Jeff Law May 25, 2018, 8:38 p.m. UTC | #7
On 02/07/2018 08:36 AM, Qing Zhao wrote:
> Hi, this is the 3rd version for this patch.
> 
> the main change compared with 2nd version are:
> 	1. do not use “compute_objsize” to get the minimum object size per Jeff and Richard’s
> comment. Instead, add a new function “determine_min_objsize” for this purpose. This new
> function calls “compute_builtin_object_size” to get the minimum objsize, however, due to 
> the fact that “compute_builtin_object_size” does nothing for SSA_NAME when optimize > 0 (don’t
> know the exactly reason for this), inside “determine_min_objsize”, I have to add  more code
> to catch up some simple SSA_NAME cases.
> 
> 	2. in gimple-fold.c and tree-ssa-structalias.c, add the handling of the new 
> BUILT_IN_STRCMP_EQ and BUILT_IN_STRNCMP_EQ in the same places where 
> BUILT_IN_STRCMP and BUILT_IN_STRNCMP is checked.
> 
> 	3. some  format change and comments change per Jeff’s comment. 
> 
> let me know if you have any comments.
> 
> thanks a lot.
> 
> Qing
> 
> *********************************
> 
> 2nd Patch for PR78009 
> Patch for PR83026
> 
> https://gcc.gnu.org/bugzilla/show_bug.cgi?id=78809
> Inline strcmp with small constant strings
> 
> https://gcc.gnu.org/bugzilla/show_bug.cgi?id=83026
> missing strlen optimization for strcmp of unequal strings
> 
> The design doc for PR78809 is at:
> https://www.mail-archive.com/gcc@gcc.gnu.org/msg83822.html
> 
> this patch is for the second part of change of PR78809 and PR83026:
> 
> B. for strncmp (s1, s2, n) (!)= 0 or strcmp (s1, s2) (!)= 0
> 
>  B.1. (PR83026) When the lengths of both arguments are constant and
>       it's a strcmp:
>     * if the lengths are NOT equal, we can safely fold the call
>       to a non-zero value.
>     * otherwise, do nothing now.
> 
>  B.2. (PR78809) When the length of one argument is constant, try to replace
>  the call with a __builtin_str(n)cmp_eq call where possible, i.e:
> 
>  strncmp (s, STR, C) (!)= 0 in which, s is a pointer to a string, STR is a
>  string with constant length, C is a constant.
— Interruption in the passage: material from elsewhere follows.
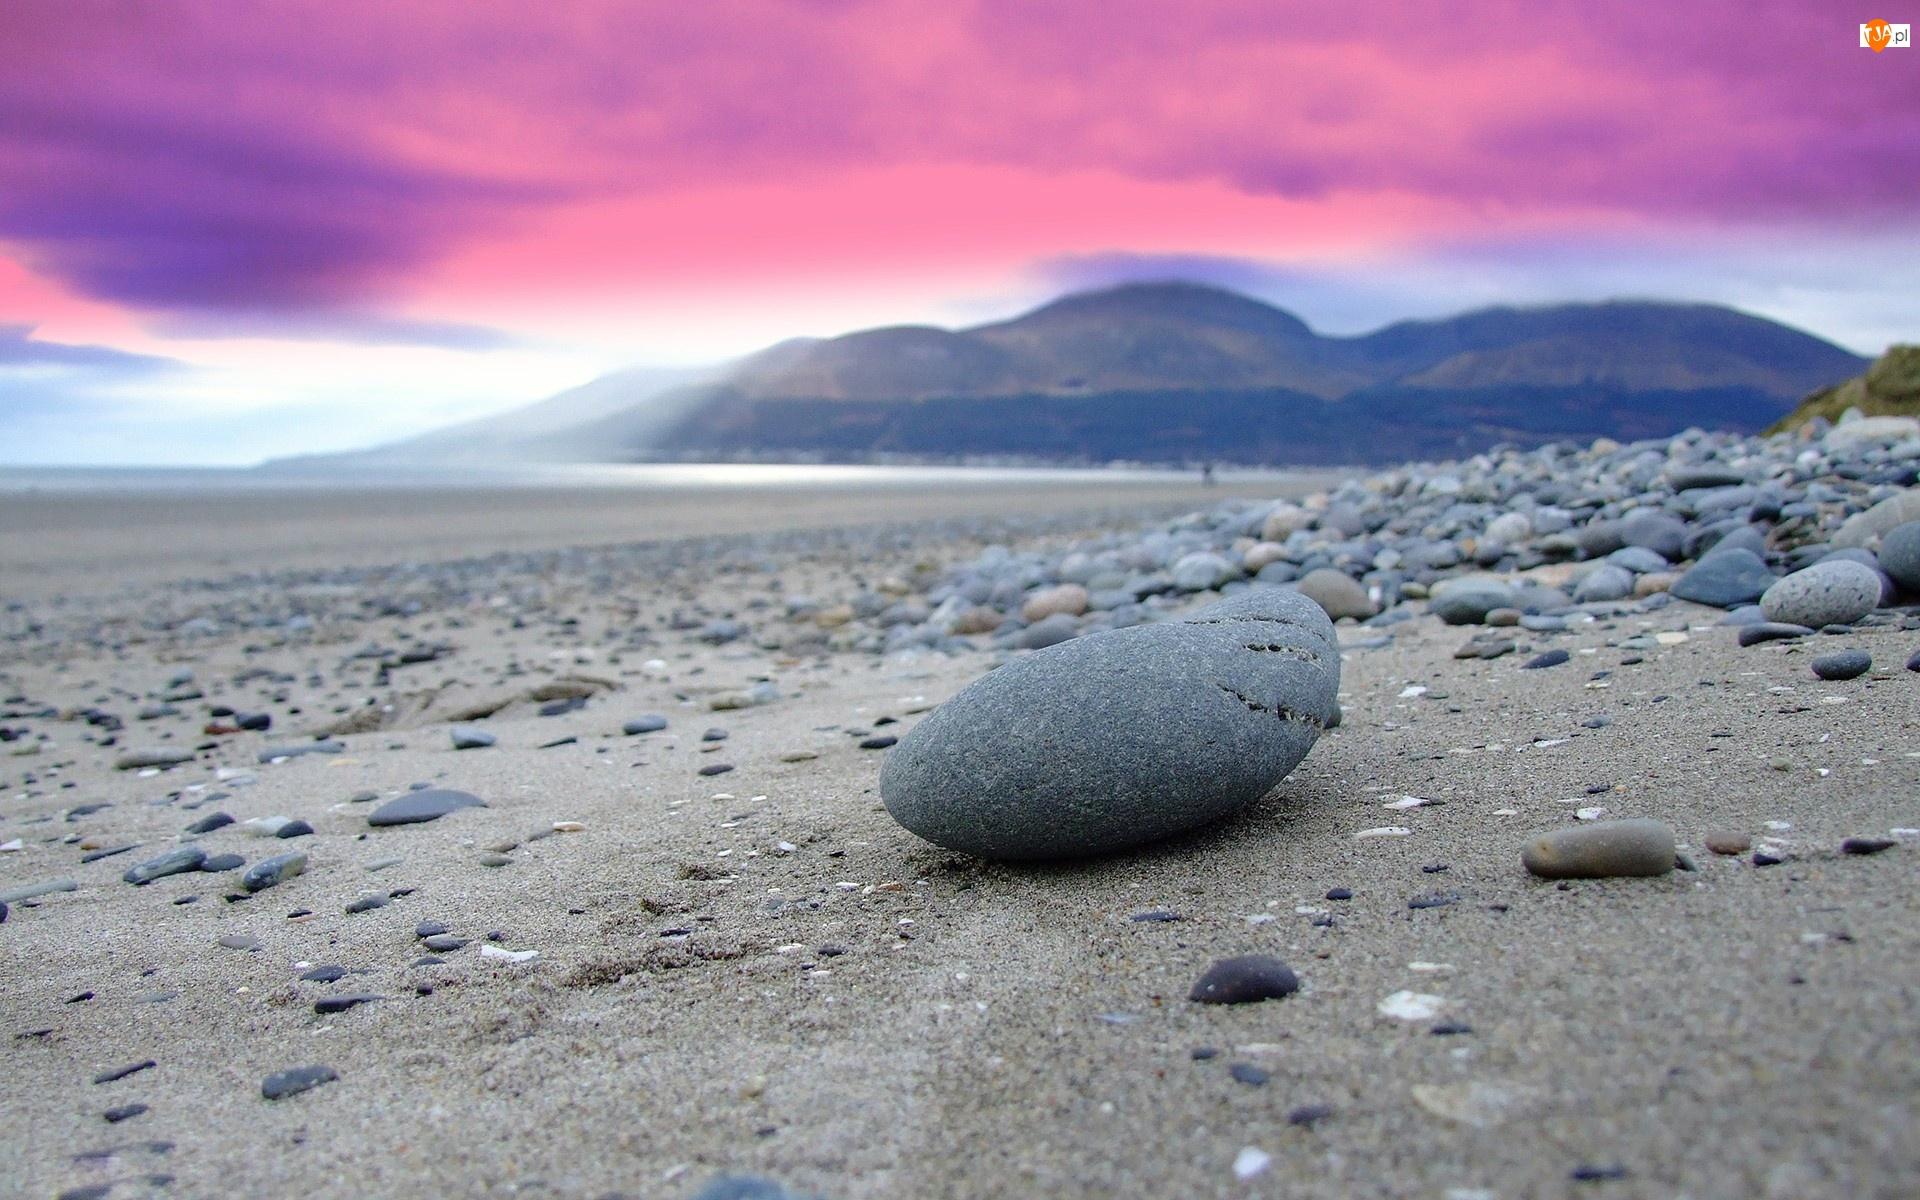 Plaża, Piasek, Kamienie

>    if (C <= strlen(STR) && sizeof_array(s) > C)
>      {
>        replace this call with
>        __builtin_strncmp_eq (s, STR, C) (!)= 0
>      }
>    if (C > strlen(STR)
>      {
>        it can be safely treated as a call to strcmp (s, STR) (!)= 0
>        can handled by the following strcmp.
>      }
> 
>  strcmp (s, STR) (!)= 0 in which, s is a pointer to a string, STR is a
>  string with constant length.
>    if  (sizeof_array(s) > strlen(STR))
>      {
>        replace this call with
>        __builtin_strcmp_eq (s, STR, strlen(STR)+1) (!)= 0
>      }
> 
>  later when expanding the new __builtin_str(n)cmp_eq calls, first expand them
>  as __builtin_memcmp_eq, if the expansion does not succeed, change them back
>  to call to __builtin_str(n)cmp.
> 
> adding test case strcmpopt_2.c and strcmpopt_4.c into gcc.dg for part B of
> PR78809 adding test case strcmpopt_3.c into gcc.dg for PR83026
> 
> bootstraped and tested on both X86 and Aarch64. no regression.
> 
> ************************************************
> gcc/ChangeLog
> 
> +2018-02-02  <qing.zhao@oracle.com>
> +	
> +	PR middle-end/78809
> +	PR middle-end/83026
> +	* builtins.c (expand_builtin): Add the handling of BUILT_IN_STRCMP_EQ
> +	and BUILT_IN_STRNCMP_EQ.
> +	* builtins.def: Add new builtins BUILT_IN_STRCMP_EQ and
> +	BUILT_IN_STRNCMP_EQ.
> +	* gimple-fold.c (gimple_fold_builtin_string_compare): Add the 
> +	handling of BUILTIN_IN_STRCMP_EQ and BUILT_IN_STRNCMP_EQ.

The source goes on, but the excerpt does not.